I've had something like this couple of times in my Cruze with automatic climate control. In my case no any adjustments made anything, the blower was its fastests and the heat was totally in the highest. The car came terrible hot and I had to drive with windows open. And the sound was before starting the car like after I did turn off the engine. After couple of new startings the issue went away and everything worked well again. I asked about it from one of the dealers here, a good one, and they said they don't know what was the reason for that and they can't see it from any data of the car. They suggested me to come back if that still exists, but it has not occured after that. It was perhaps 7 -8 months ago. I hope Yours issue also would go away and is just because of some moisture, contact failure or something like that.


----------



## sheleb1 (Sep 16, 2011)

Thanks for your reply Bullet. Yes, miraculously the issue went away this morning! All climate buttons worked normal. I hope it stays that way!


----------



## NickD (Dec 10, 2011)

sheleb1 said:


> Thanks for your reply Bullet. Yes, miraculously the issue went away this morning! All climate buttons worked normal. I hope it stays that way!


Sure miss my 2004 Cavalier with an old fashion, but extremely reliable mechanical cable system. This thing uses the cheapest possible push buttons that fire a command to the BCM that activates point contact relays to drive cheap made in China motors to drive both the blend and mold door motors.

An electronic nightmare using a microcontroller with firmware stored in flashram to emulate the same identical function. But far cheaper than a cable. If when you switch on the ignition switch and do not get a clean contact closure to reset the program counter to zero where it starts the firmware from the beginning, nothing will work.

I ran into silly problems like this with my Cruze on several occasions, and just switch off the ignition switch and try again. Whoever used a point contact relay is an complete idiot.
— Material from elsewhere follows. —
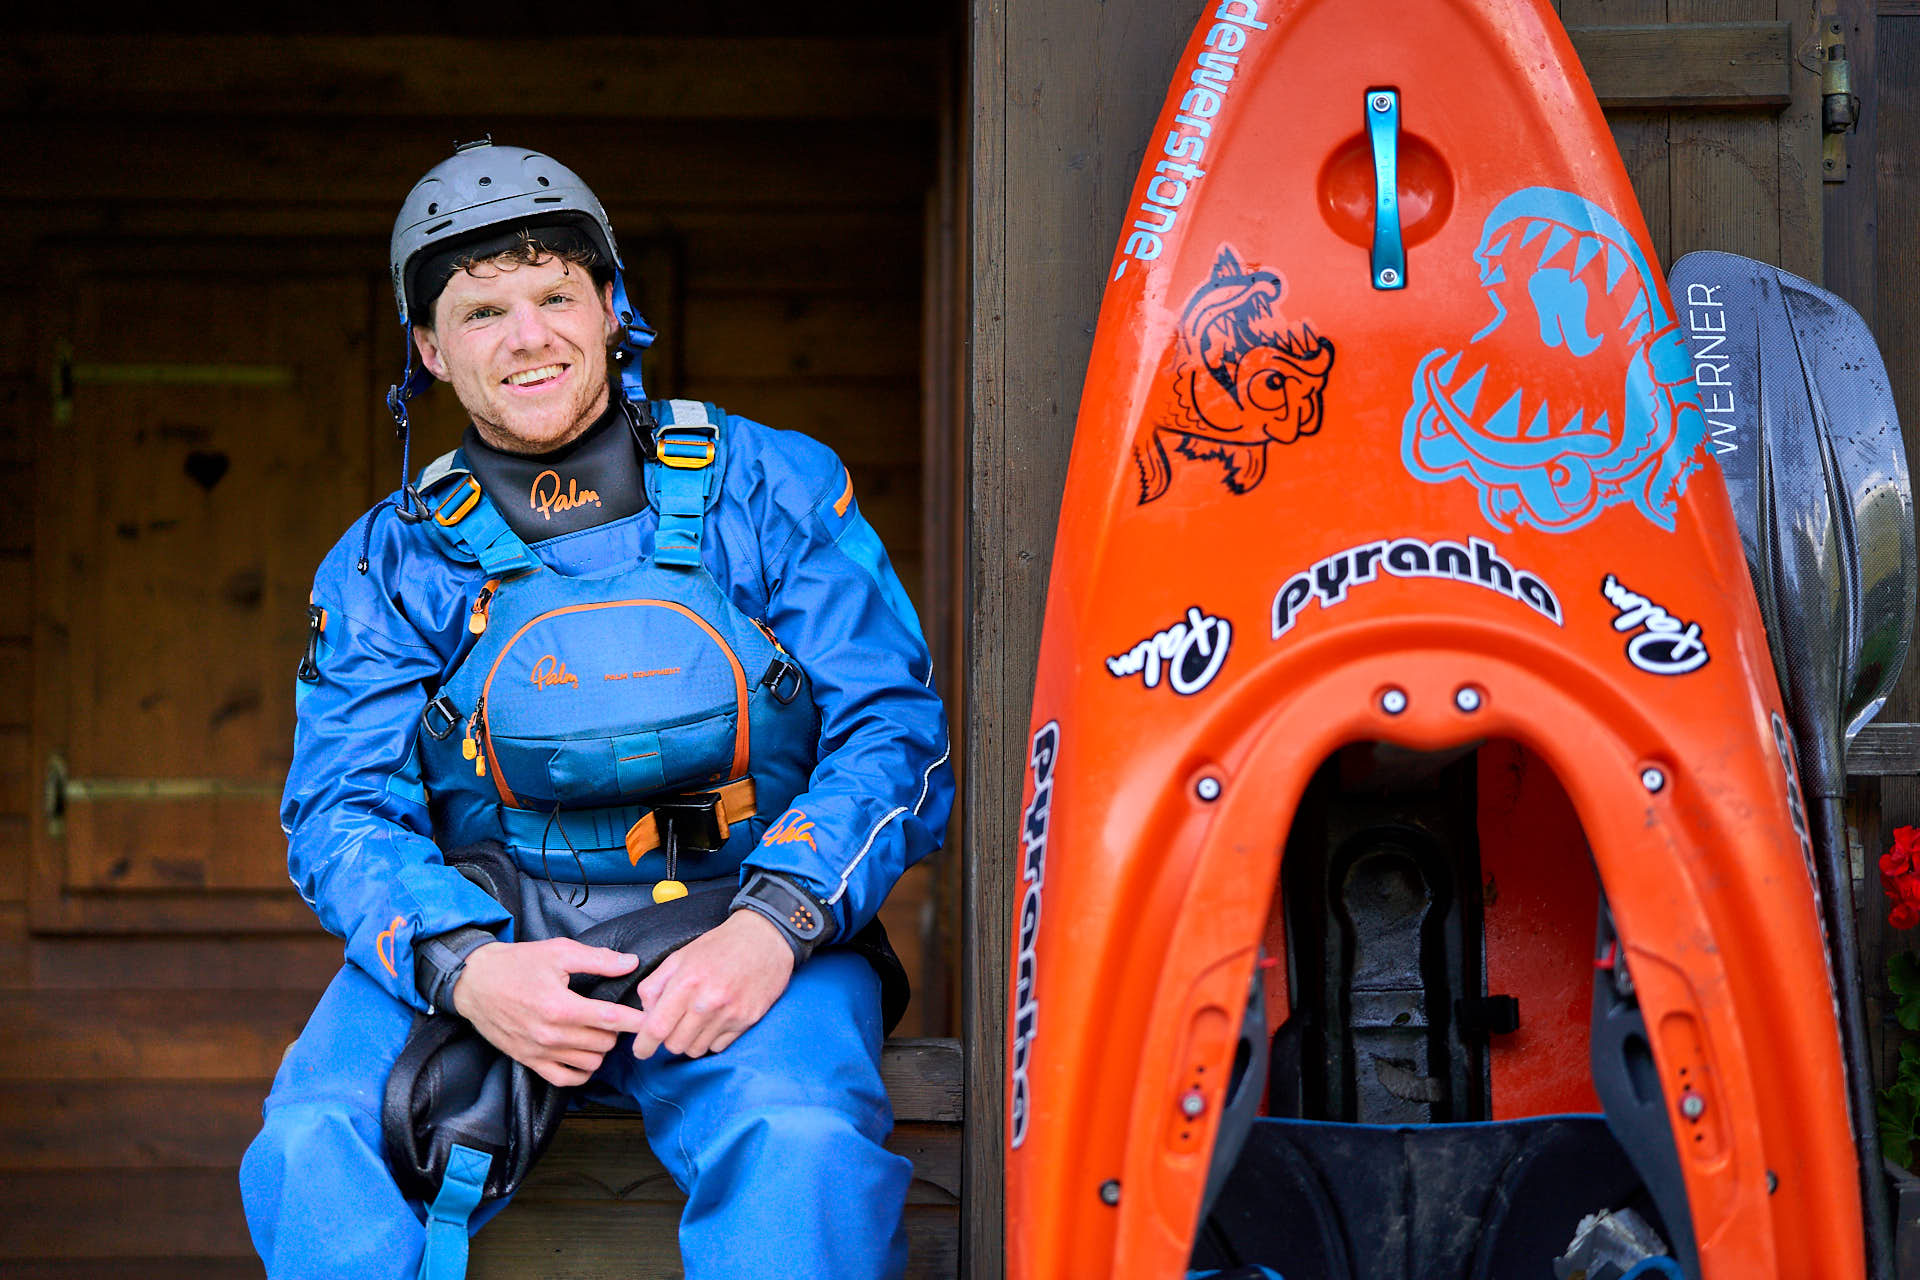 Wildwasser/Kayak Fotoshooting mit Bren Orton im Oetztal, Österreich

Then there is the geek that wrote the program, if he had any brains, would use self correcting logic.

So if you are wondering why you are having problems, these are some of the causes. Plus literally hundreds of wiring connections. If a dealer doesn't even know how to deal with a simple battery leakage problem, how is he suppose to deal with these kind of problems?

Real idiots are the ones that wrote the shop manual, solid state do not test. All of this stuff can be tested, has to using the appropriate electronic test equipment. As an old broken down engineer, can tell you, easy to design a circuit, but how to test it efficiently can drive you nuts. Ha, my excuse for being nuts.


----------